:: Work to be completed ::
The pictures in the data below are to be omitted; all else must be duplicated exactly.

== Recorded information ==

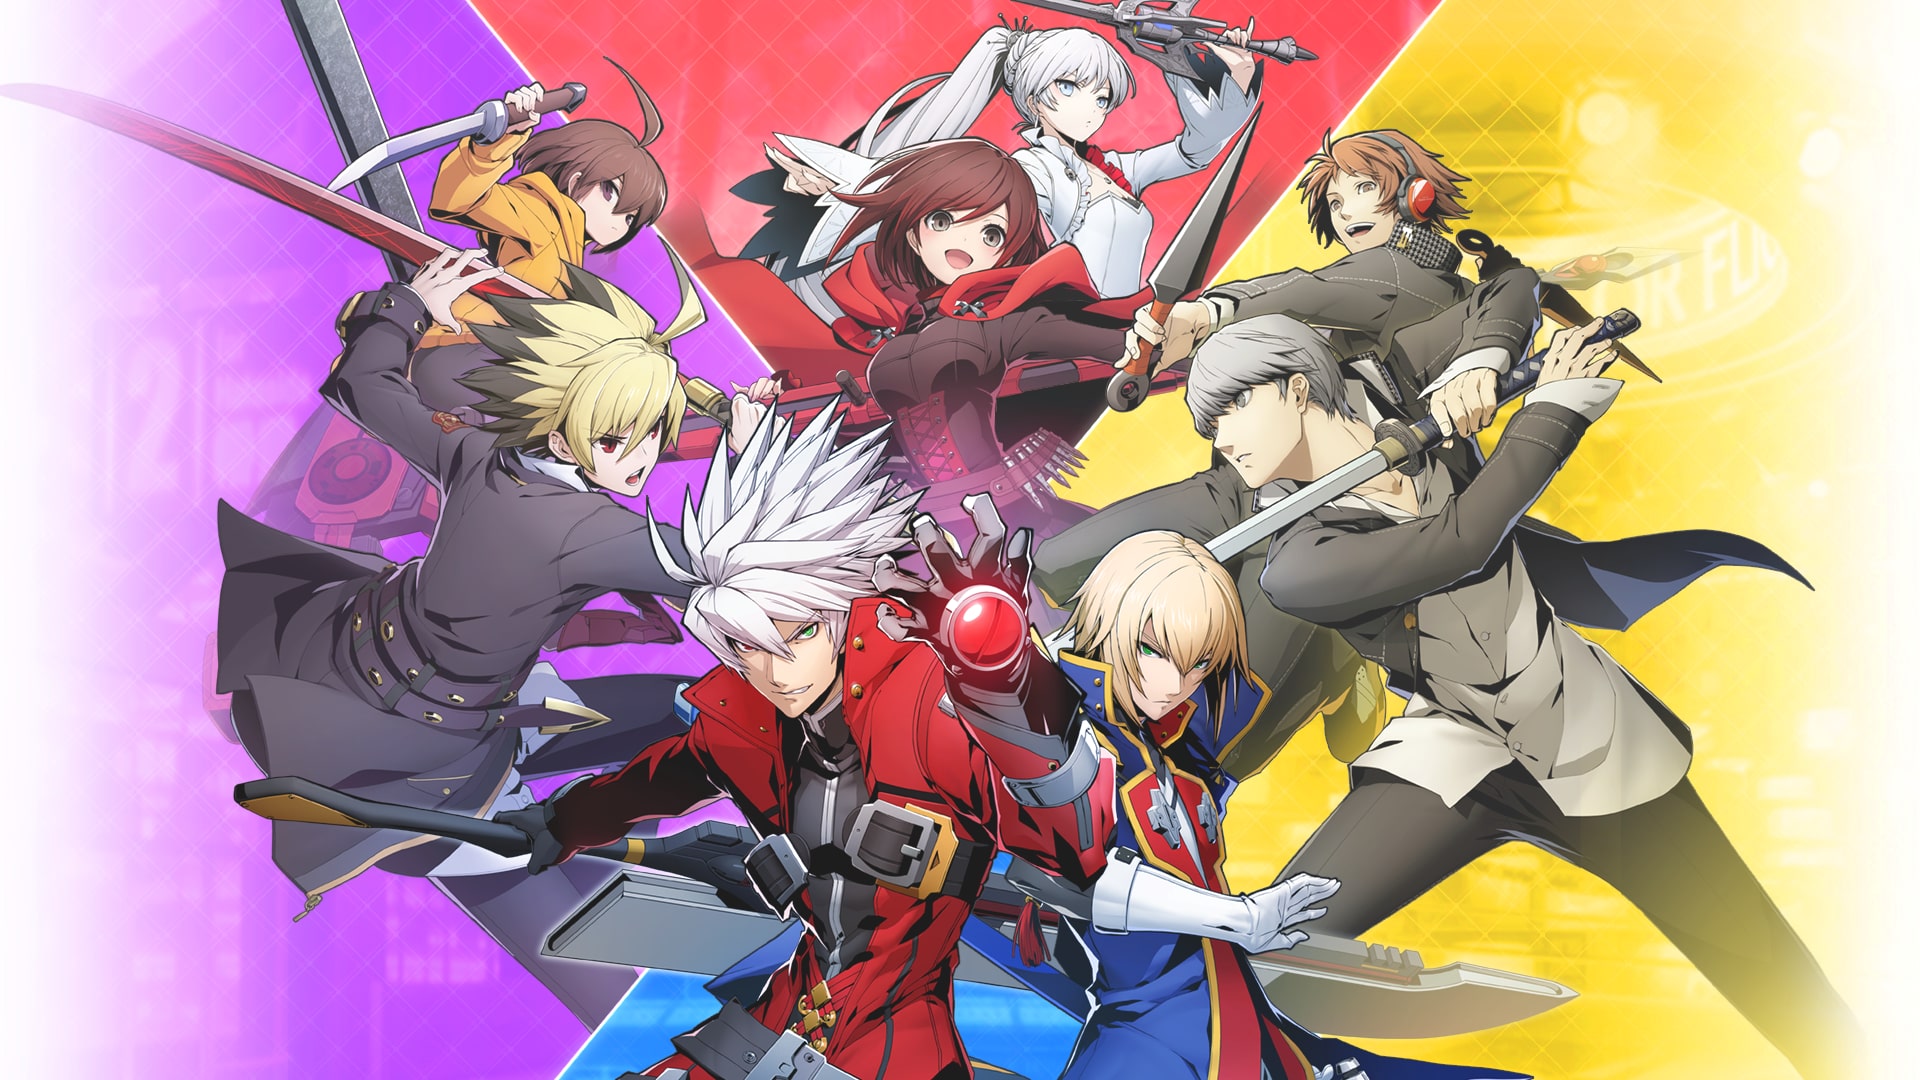 BlazBlue Coss Tag Battle Ver 2.0 Expansion Pack
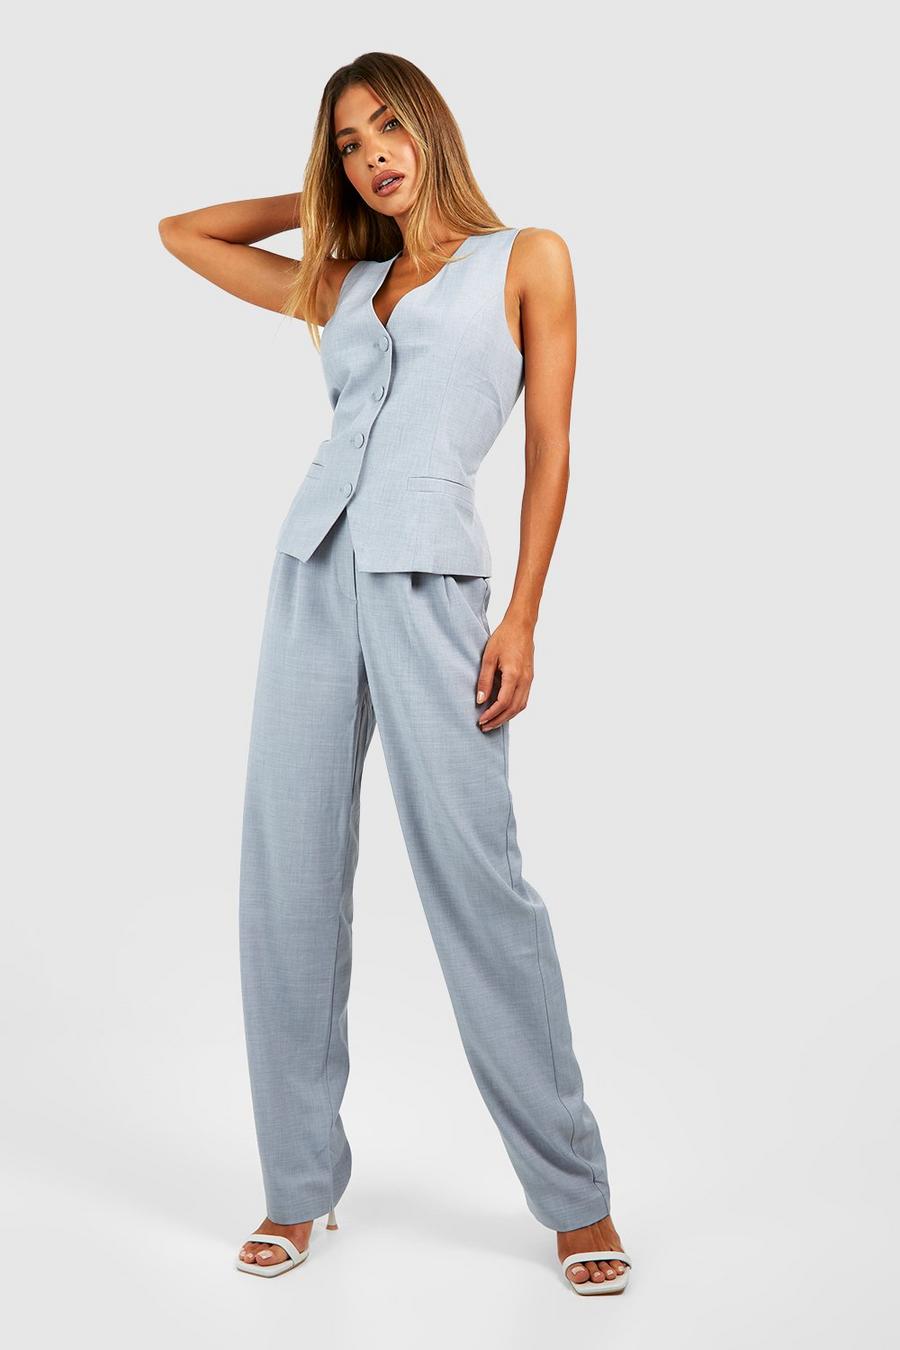 Grey Marl Pleat Front Straight Leg Trousers
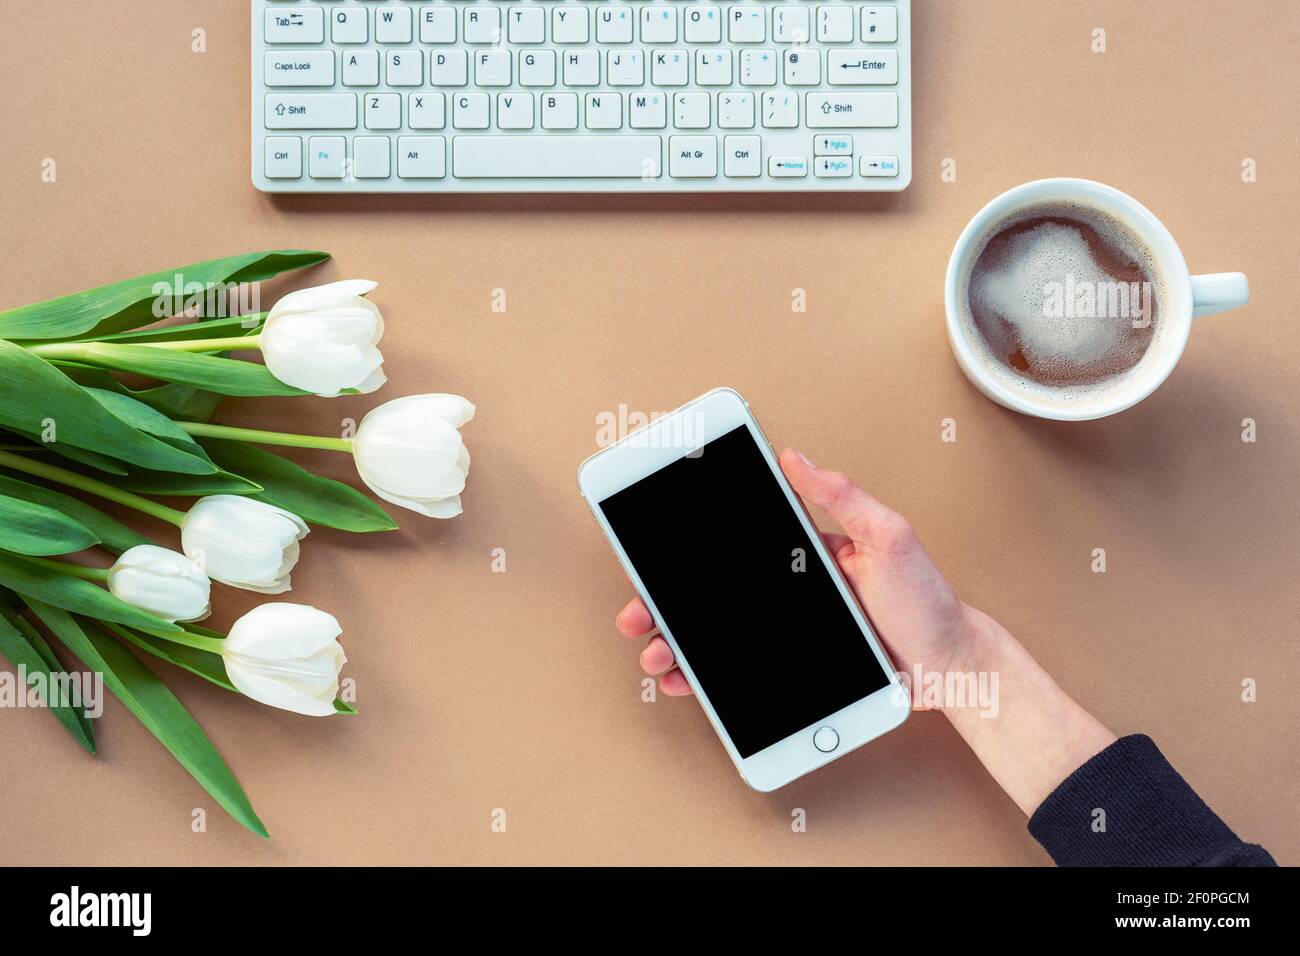 Workplace with coffee cup, hand holding a phone, computer keyboard and white tulips. Brown background. Women's day or Mother's day concept. Top view, Stock Photo

===

:: Task response ::
 BlazBlue Coss Tag Battle Ver 2.0 Expansion Pack
 Grey Marl Pleat Front Straight Leg Trousers
 Workplace with coffee cup, hand holding a phone, computer keyboard and white tulips. Brown background. Women's day or Mother's day concept. Top view, Stock Photo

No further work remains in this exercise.